## Data extract

+-------+

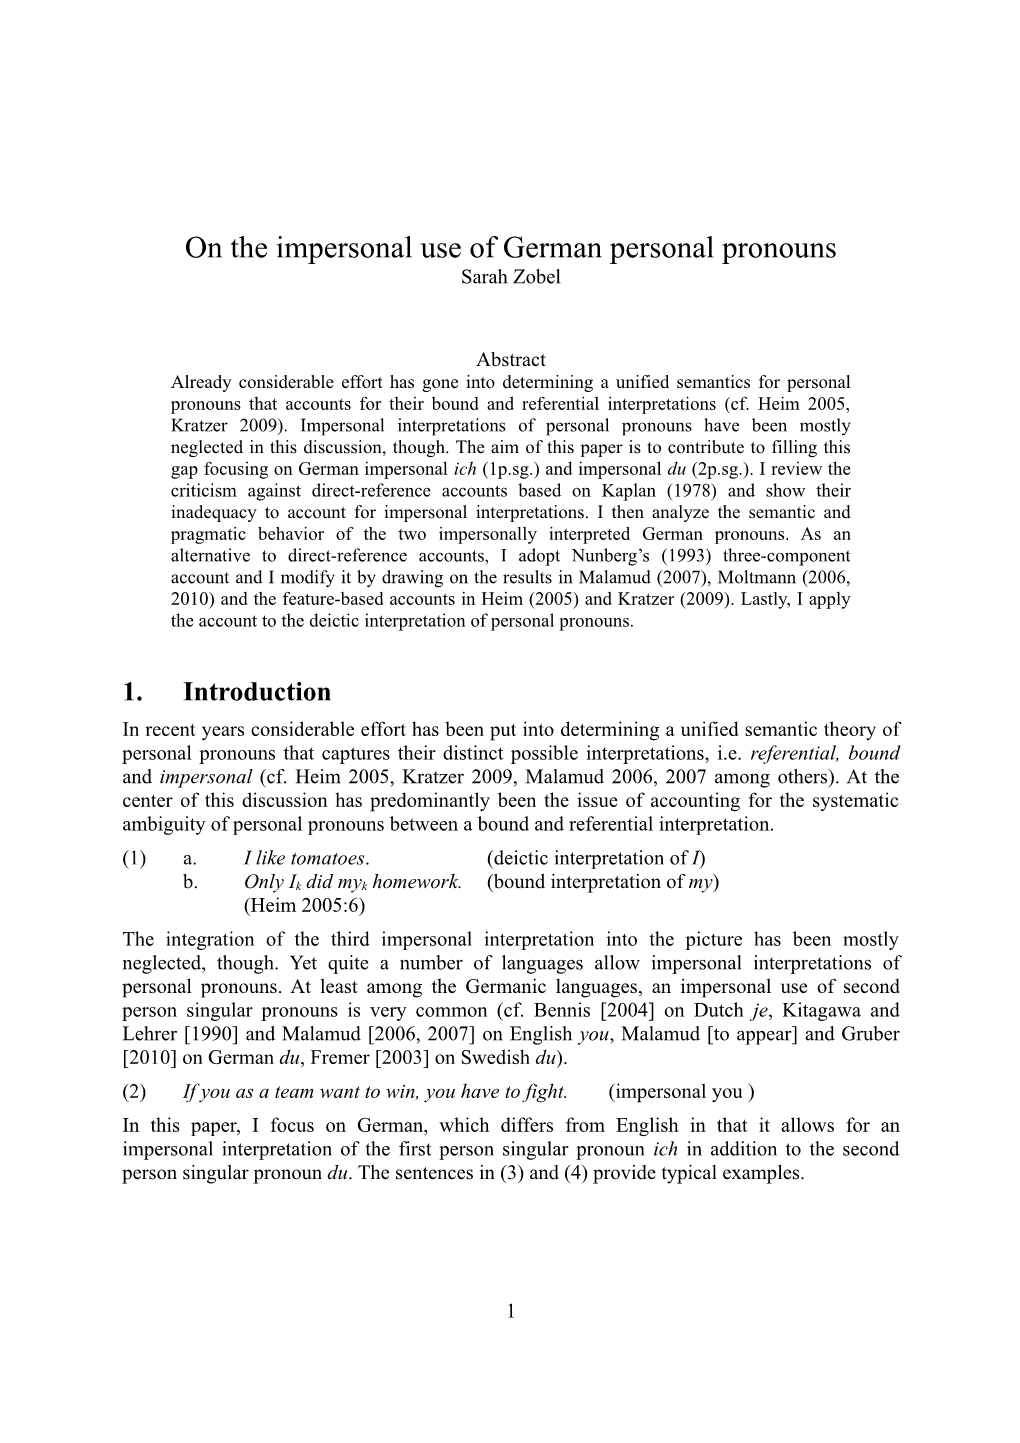 On the Impersonal Use of German Personal Pronouns Sarah Zobel
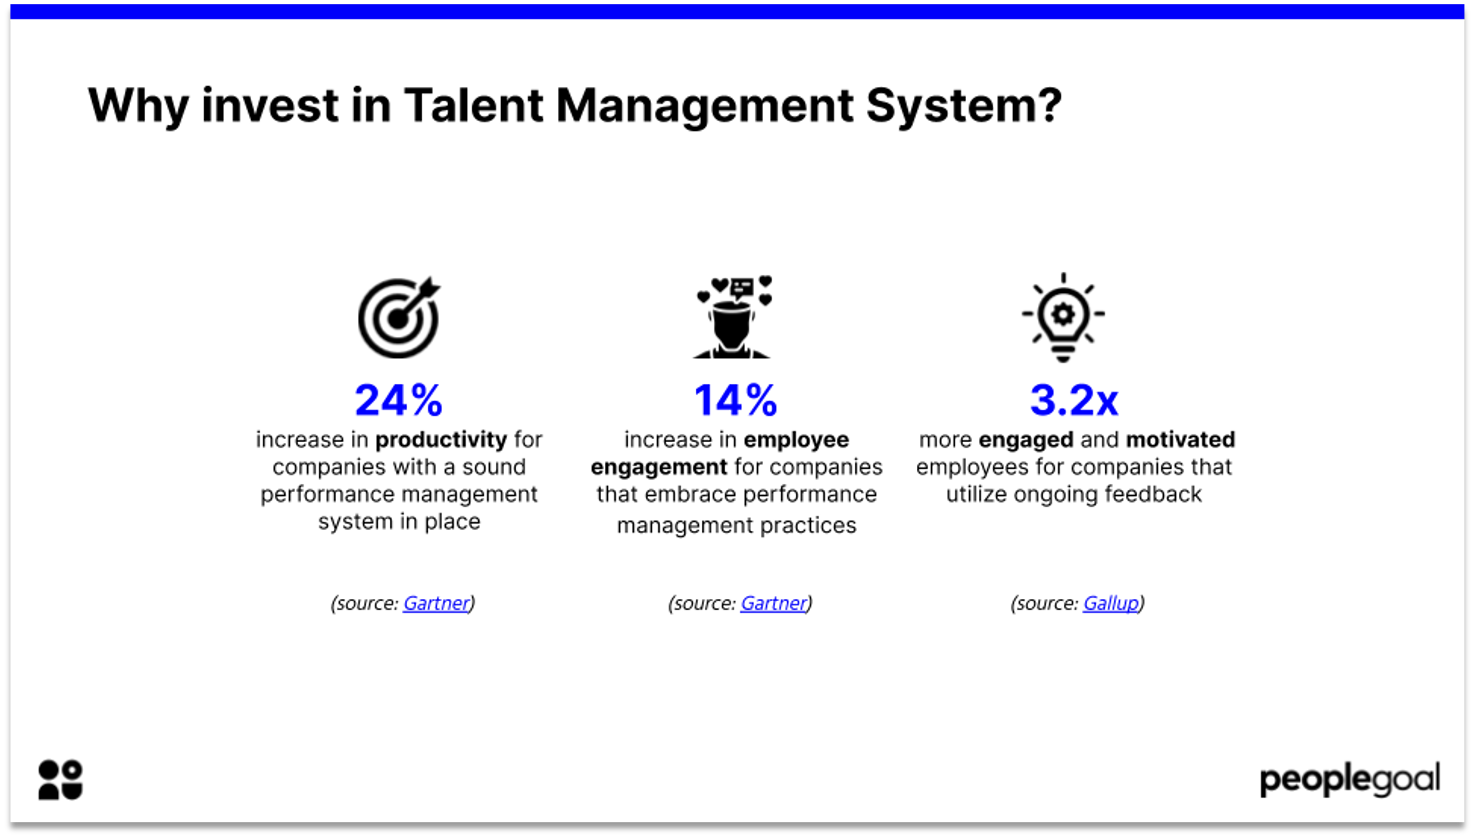 Why invest in a talent management system
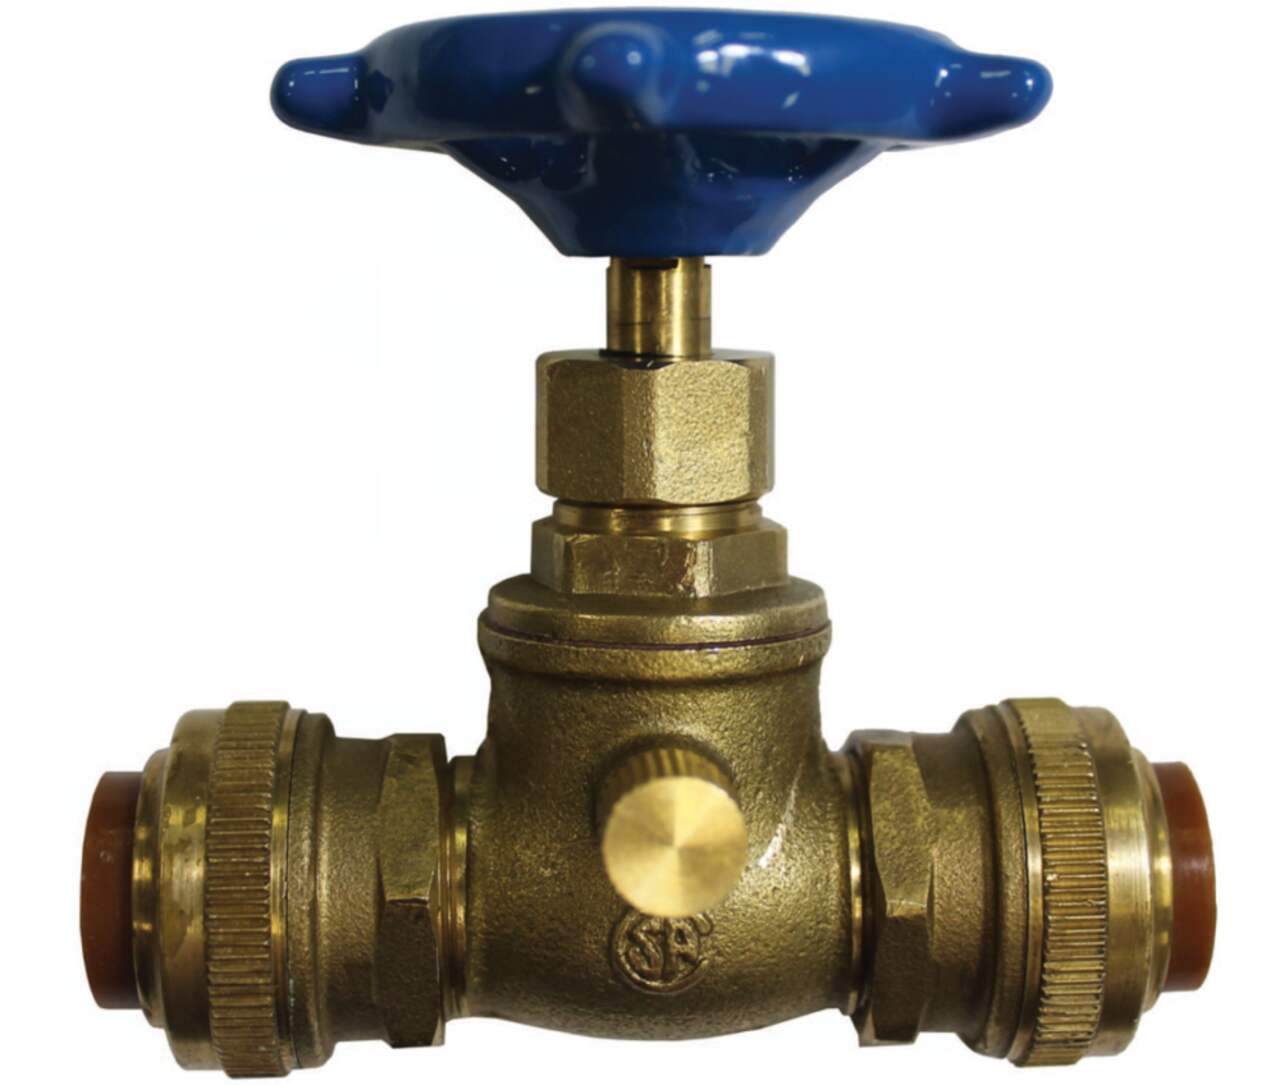 Waterline Push N' Connect Stop Valve/Ball Valve with Waste, 1/2-in

+-------+

## Work required
Write the lines above out again exactly, without any of their pictures.

## Finished task
 On the Impersonal Use of German Personal Pronouns Sarah Zobel
 Why invest in a talent management system
 Waterline Push N' Connect Stop Valve/Ball Valve with Waste, 1/2-in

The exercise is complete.